Tim Schmalz with his clay Nativity scene Photo by Vanessa Santilli

Creating Nativity likened to chess match

By 
  • December 23, 2011

Creating a sculpture is like playing a game of chess, said sculptor Tim Schmalz of his expanding clay Nativity scene. 

"Your opponent does one move and that will determine your move," said Schmalz. "And with doing a multi-figured sculptural scene like this, I have to react with the central piece… I have to monitor what person plays what role within this drama."

Schmalz worked on his sculpture of baby Jesus, Mary and Joseph at the sixth annual Friends of the Crèche International Convention in November and is currently working on adding the three wise men, shepherds, an angel and animals to the scene. He hopes to have the sculpture completed by Christmas.

Having created the first wise man and shepherd so far, he wanted to give a nod to different religions at this time of our spiritual celebrations, he said.

Using creative license, the first wise man is based on the philosopher Averroes, who brought the ideas of Aristotle to his Islamic faith, said Schmalz. The other two will also be based on famous medieval philosophers.

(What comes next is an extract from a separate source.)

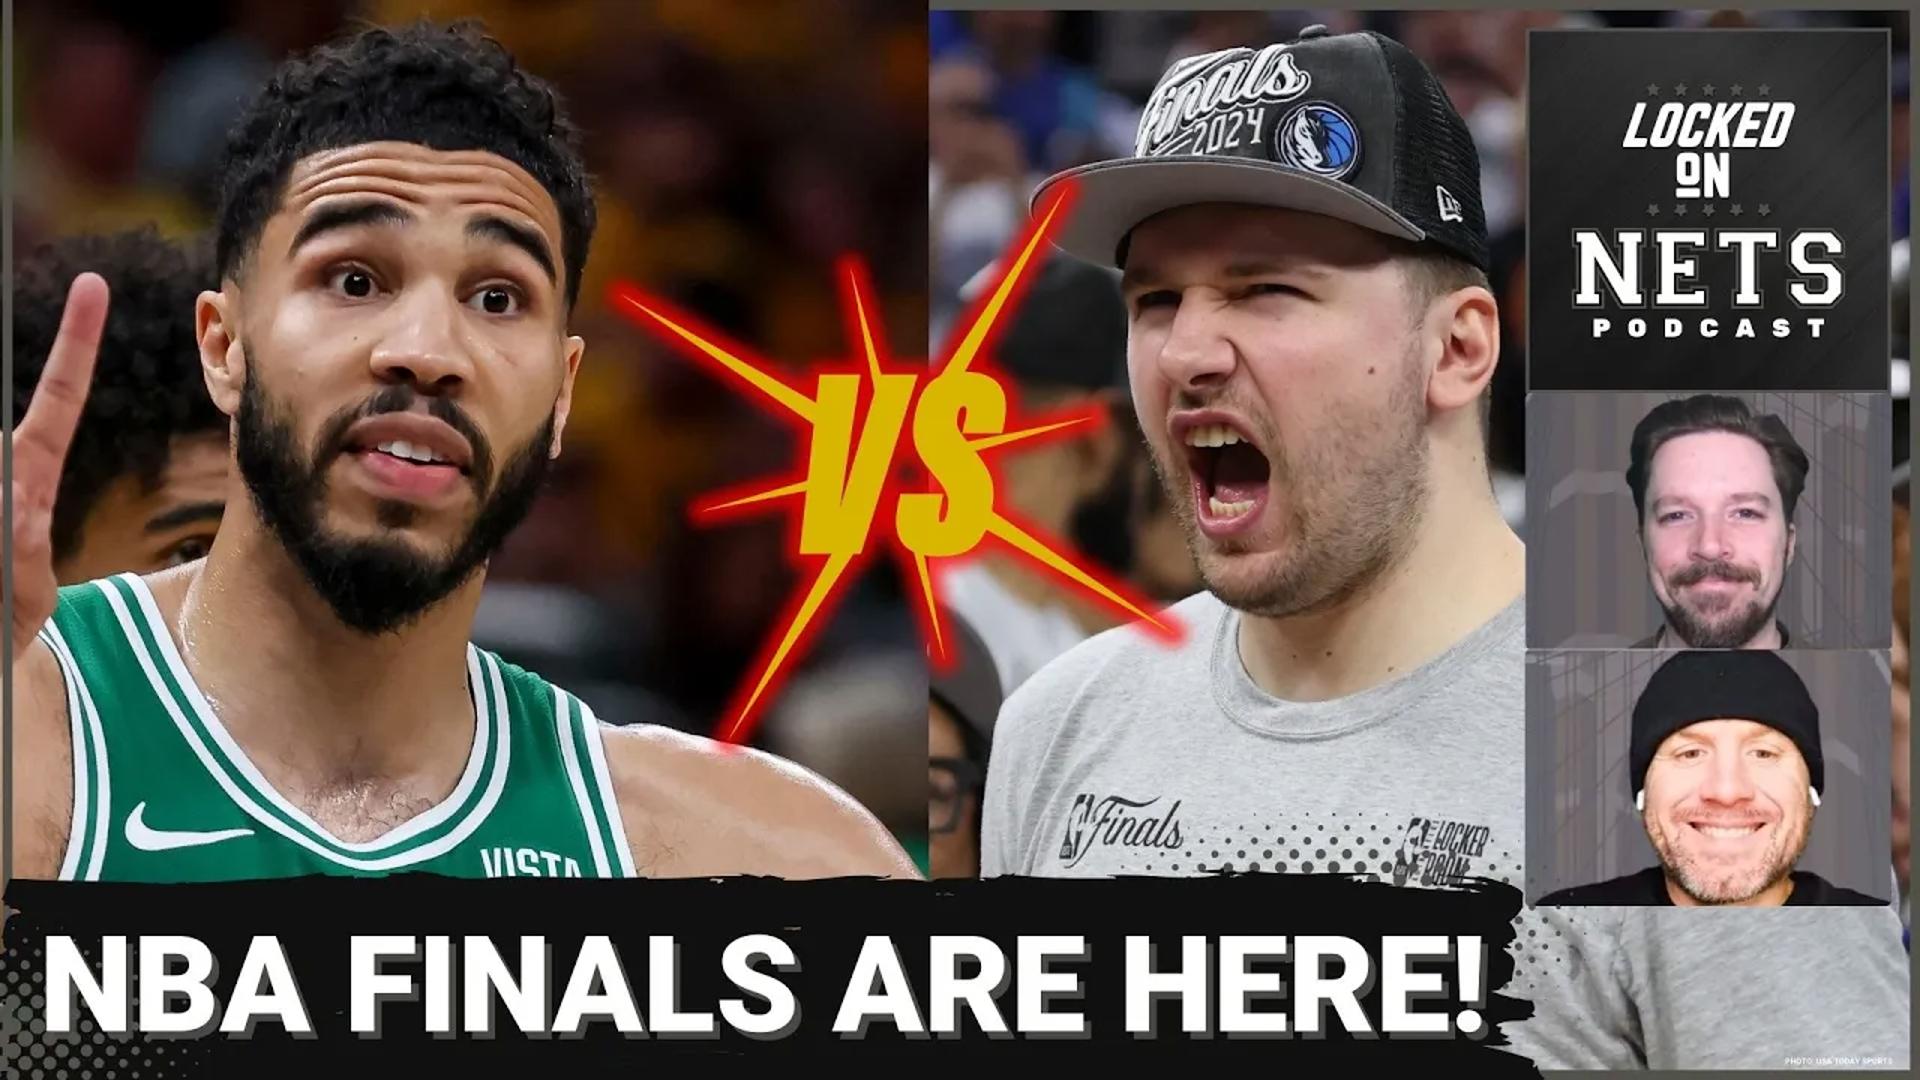 The NBA Finals start tonight between the Boston Celtics and Dallas Mavericks, led by Jayson Tatum and Luka Doncic respectively.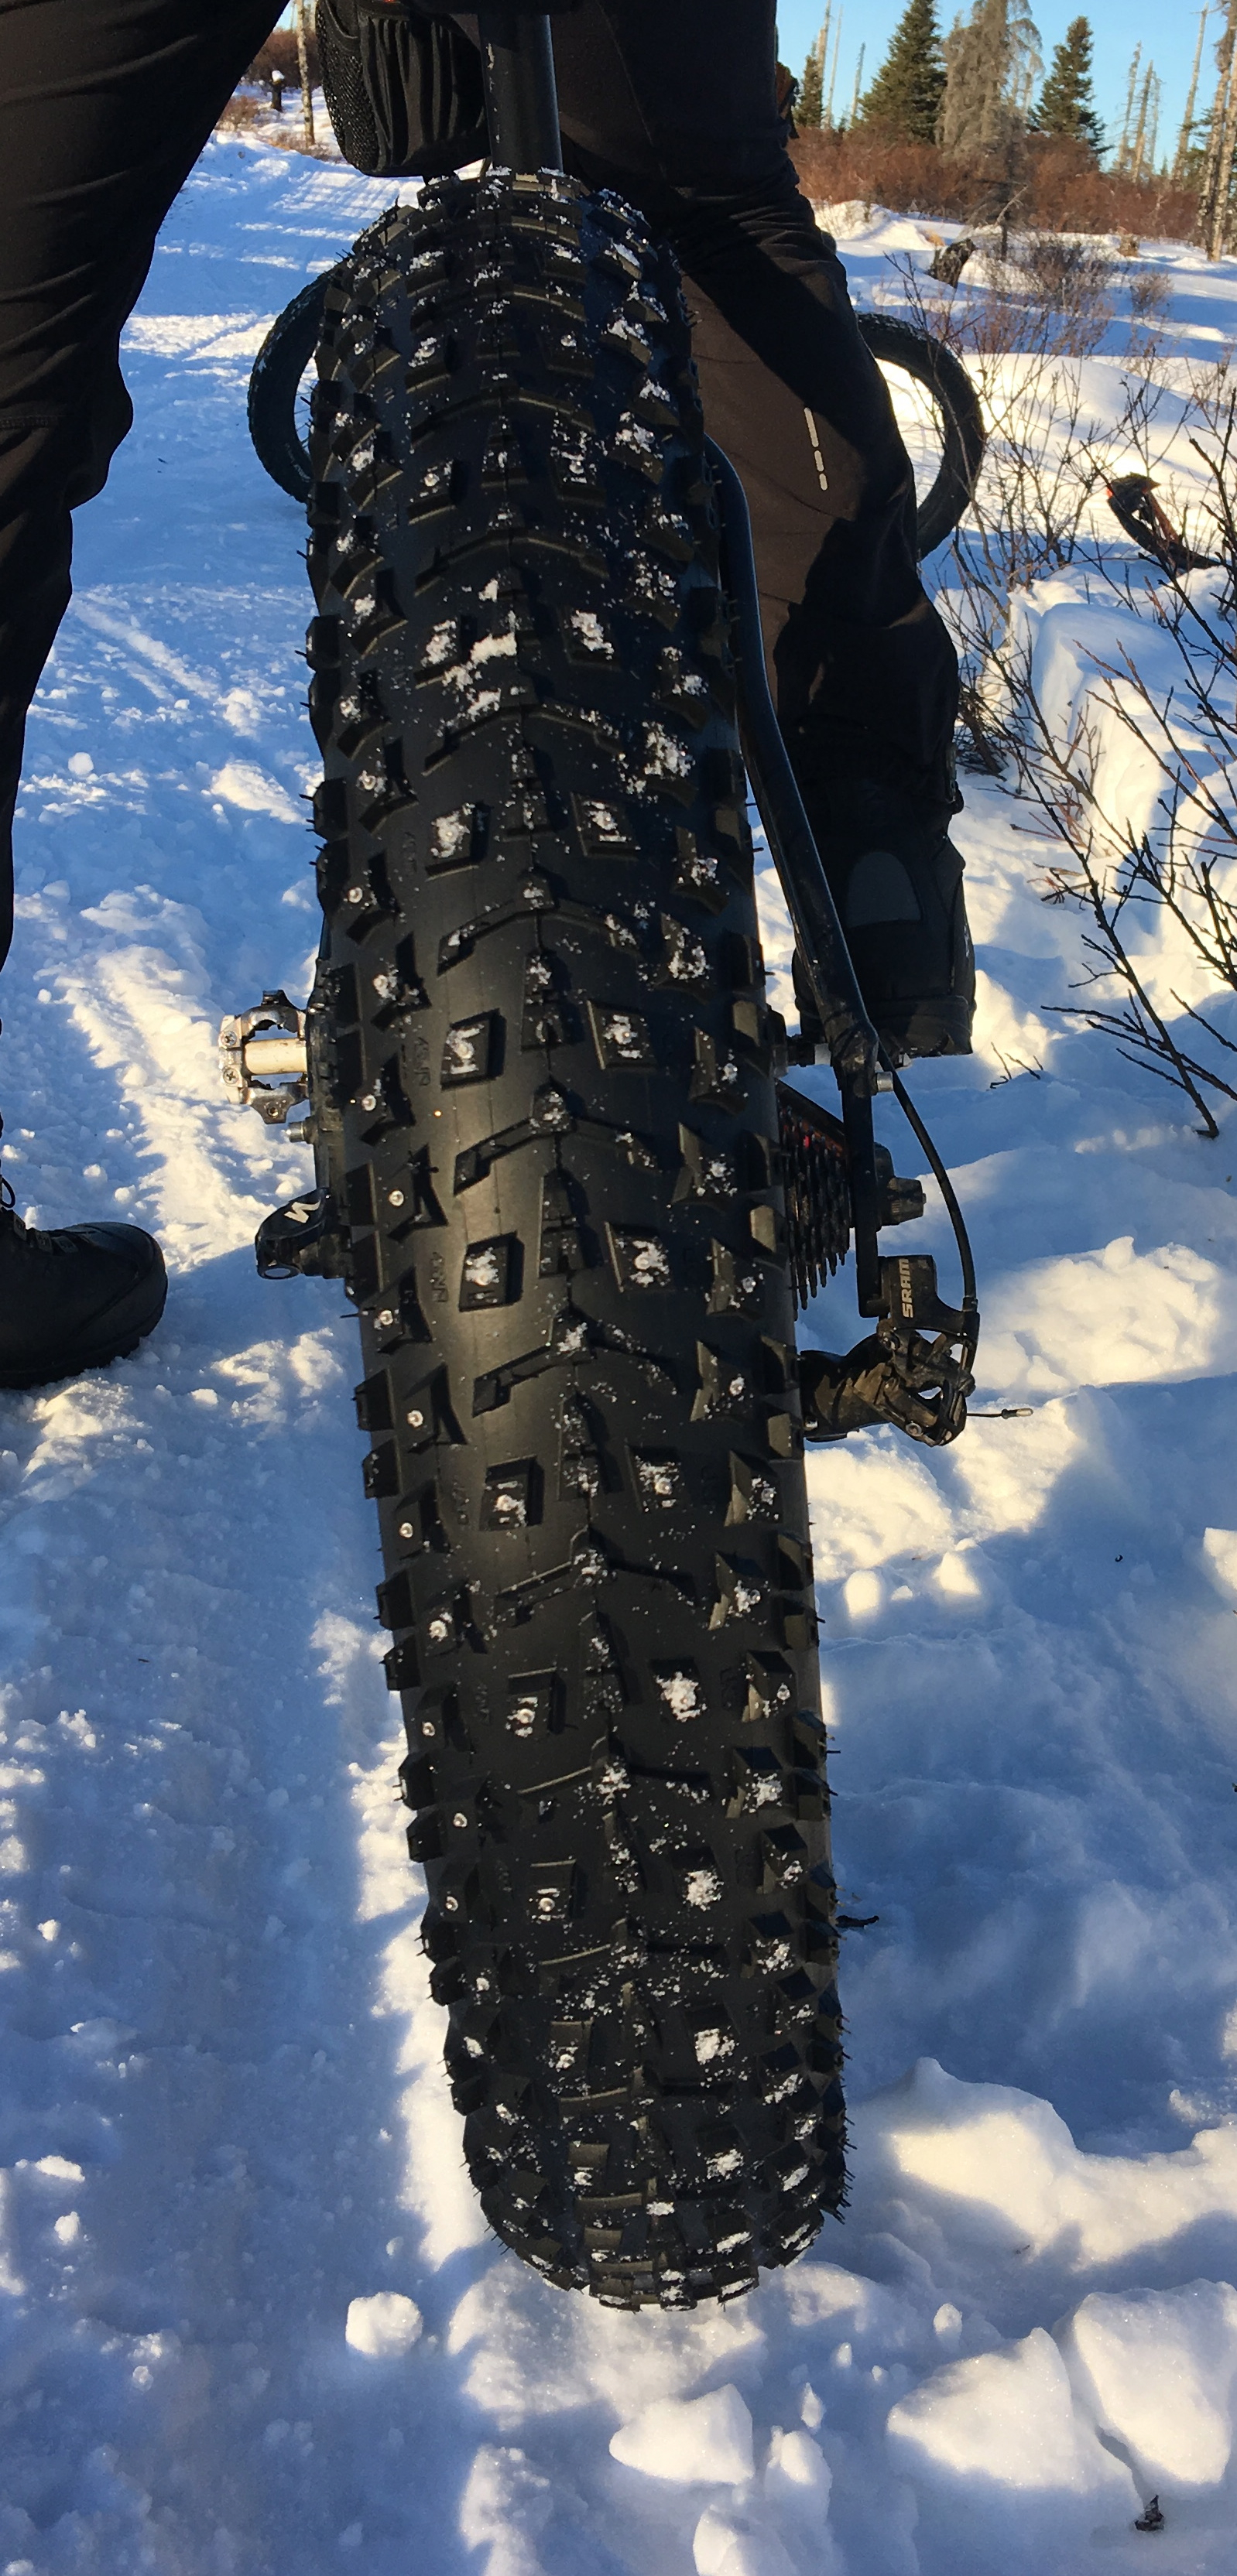 The oversized tires on fat-tire bikes provide traction in soft conditions. Some, like the tire pictured here, include studs for icy trails. (Photo by Will Morrow/Peninsula Clarion)

"Obviously these philosophers were not the actual people that were there but it gives… a wonderful respect to these different cultures during this time of peace and goodwill."

Once the sculpture reaches completion, Schmalz will be making smaller ones suitable for houses and larger ones suitable for churches. To date, Schmalz has put in between 40 and 50 hours of work on the sculpture.

Not quite half complete, it's already becoming quite heavy currently weighing around 140 kilograms, he said.

"My work becomes my prayer," he said. "And if you can use your skill as your prayer, that's a very cool thing."